I am using TensorFlow to do a customized embedding training similar to continuous bag of words (CBOW) model. However, unlike 'CBOW', which has a fixed length sliding window, my sliding window can be considered as flexible. Here is the problem:
Let's say, the embedding is word embedding. For word t, I have a tensor showing indexes of its context words: [-1, 1, 2, -1]. The maximum window size is 4, so the length of the vector is 4. But sometimes I do not have 4 context words for a word, so I use '-1' to mean 'no word in this position', and other integers are the index of a word.
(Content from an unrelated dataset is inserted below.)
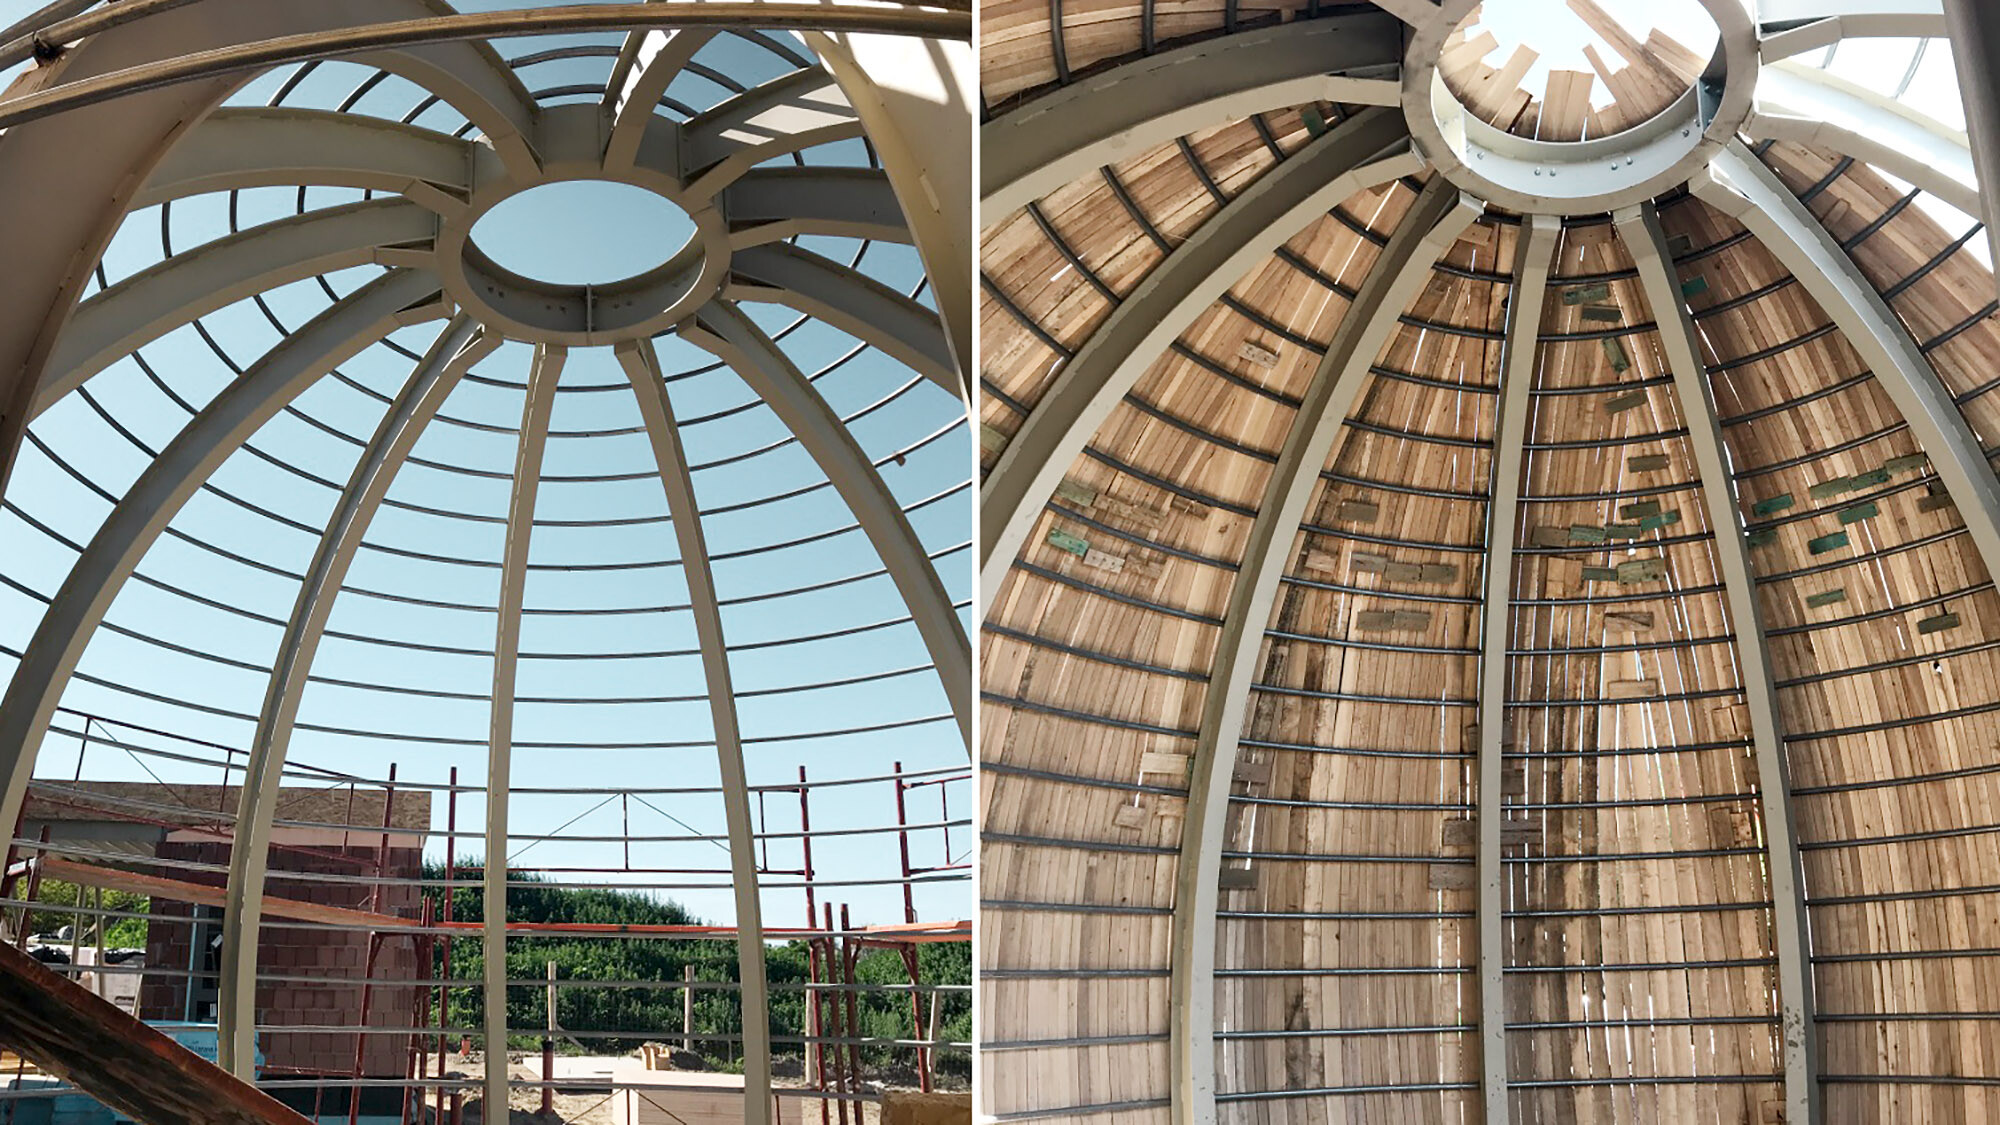 Two construction site photos with interior views of one of the round rooms: on the left, the naked steel skeleton, on the right, the steel skeleton clad in bent poplar wood.

I also have an 'embedding' tensor, which is the embeddings for all the words.
What I am trying to do is to get the average embedding for the context words in order to represent the context. For example, if the context words are [-1, 1, 2, -1], I would get (1 * (embedding for word 1) + 2 * (embedding for word 2) ) / 2. I just need to neglect all the -1.
So in my code, I try to loop through the context word tensor to compare each value with -1 and use an if condition to control if I would add the embedding of this context word. I tried different ways for this, but always get 'TypeError: Using a tf.Tensor
as a Python bool
is not allowed.'
Is there a way to solve this problem? Or even better, is there a better representation of positions with no words so I can compute more efficiently (Tried to use NaN but also get a lot of troubles...)?
Thanks a lot for the help and hopefully I have a clear description of the problem.